The first thing I plan to do with my week off is to catch up on some sleep - no more late-night feedings, no real reason to be up early and no one around to be jealous of my daytime napping.  No scheduled meal times and no need to pack Megan's lunch each day...  As liberating as all that seems, being a stay-at-home-dad without the family does make life rather empty.  

Of course, taking care of the puppy is now my first priority, but looking after him is quite simple - we're both fairly low maintenance and easily kept occupied.  So what else am I going to with all this new free time?  

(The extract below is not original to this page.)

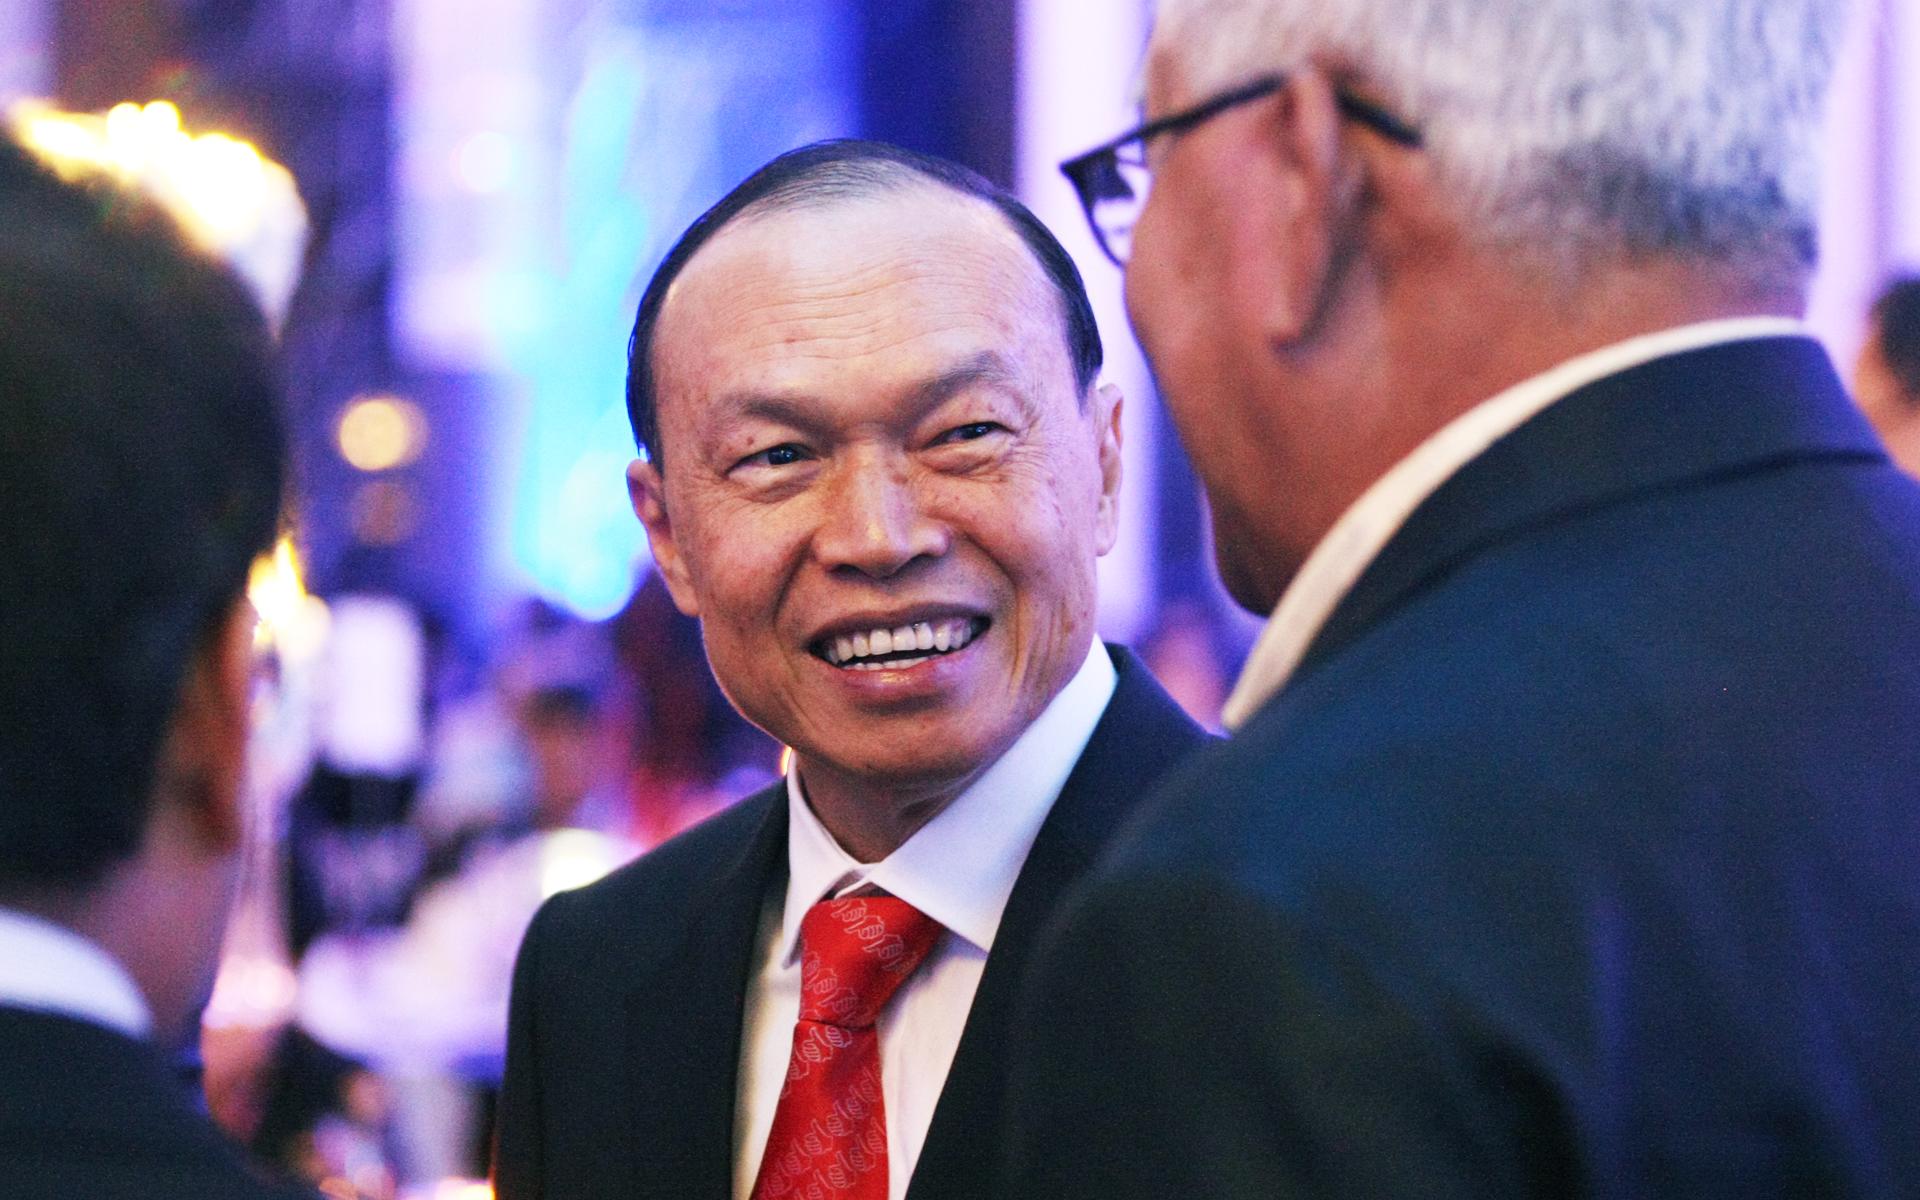 Tan Sri Lim Wee Chai

Firstly, I now find myself with so much energy, so it's off to the gym and rugby practice.  Secondly, time to prepare something meaty for whenever I'm hungry, and to tee up some mindless action movies and video games.  Also on our hit list is moving Ava's stuff into our spare room...  A big milestone in her tiny little life, but hopefully one she'll get used to sooner rather than later, and something that will mean more sleep for everyone after my girls return.  


So in my newly discovered freedom I'll be doing all I can to keep myself as busy as I can, and not because I resented all the pink that used to adorn the apartment when they were around and needed to reinstate some manliness, but because secretly I miss them both incredibly, and now that Bruce and I are on our own, we have absolutely no idea what to do with ourselves.  I never thought that I would feel such an enormous hole in my life without them around, especially for such a short time, so in all honestly I'll probably spend most of my week off just waiting for them to get back.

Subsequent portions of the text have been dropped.